New York is now requiring AI-generated people in ads to be labeled, while privacy professionals are warning that legacy governance models do not fit autonomous agents. Together, the stories point to the same problem: disclosure and control rules are being rewritten around systems that can generate or act without a human in the loop.
Ads in New York must now label AI-generated 'synthetic performers'
New York has implemented a law requiring advertisements featuring AI-generated people to clearly label them as “synthetic performers.” The rule is designed to make AI use visible to audiences instead of leaving it buried inside creative production choices, and it puts disclosure directly into the ad workflow rather than treating it as an optional brand decision. For marketers, agencies, and production vendors, this shifts synthetic media from a novelty tool into a regulated asset class that now carries review and signoff requirements.

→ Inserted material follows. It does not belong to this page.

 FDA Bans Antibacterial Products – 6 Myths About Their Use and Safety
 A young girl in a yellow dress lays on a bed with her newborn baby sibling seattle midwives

- Ad operations teams need a documented review step for synthetic media disclosures before campaigns go live, especially when creative is reused across channels or state lines.
- Brands selling into New York should treat AI-generated likenesses as a compliance issue, not just a creative one, because labeling obligations can attach even when the synthetic person is central to the campaign concept.
- If the approach proves enforceable, other states could borrow the model, which means teams building synthetic content pipelines should plan for jurisdiction-specific disclosure rules now rather than retrofit later.
- Clear labeling also affects trust and brand risk: once regulators define disclosure as the baseline, failure to identify AI-generated people can look deceptive even when the campaign is otherwise lawful.
Privacy governance was not built for agents: Rethinking data protection for autonomous systems
The IAPP argues that traditional privacy governance frameworks were designed for relatively static systems and are not adequate for autonomous AI agents. As agents become more capable of acting on behalf of users or organizations, privacy controls have to account for less predictable data flows, shifting decision paths, and accountability gaps that do not map neatly to standard application governance. The practical issue for enterprises is that an agent can collect, infer, retain, or share information across multiple tools and contexts, which makes existing consent, purpose limitation, and oversight models harder to apply.
- Privacy and data governance teams may need to map agent behavior separately from conventional software workflows, because an agent's actions can change based on prompts, tools, and live context.
- Core compliance concepts such as consent, purpose limitation, and retention become more difficult to operationalize when systems can independently decide what data to access or how to act on it.
- Organizations deploying agents should define accountability in advance, including who owns monitoring, incident response, and policy enforcement when an agent mishandles personal data.
- Teams that wait for formal regulation may lose time, because governance updates, audit trails, and technical guardrails are easier to build before agents are deeply embedded in business processes.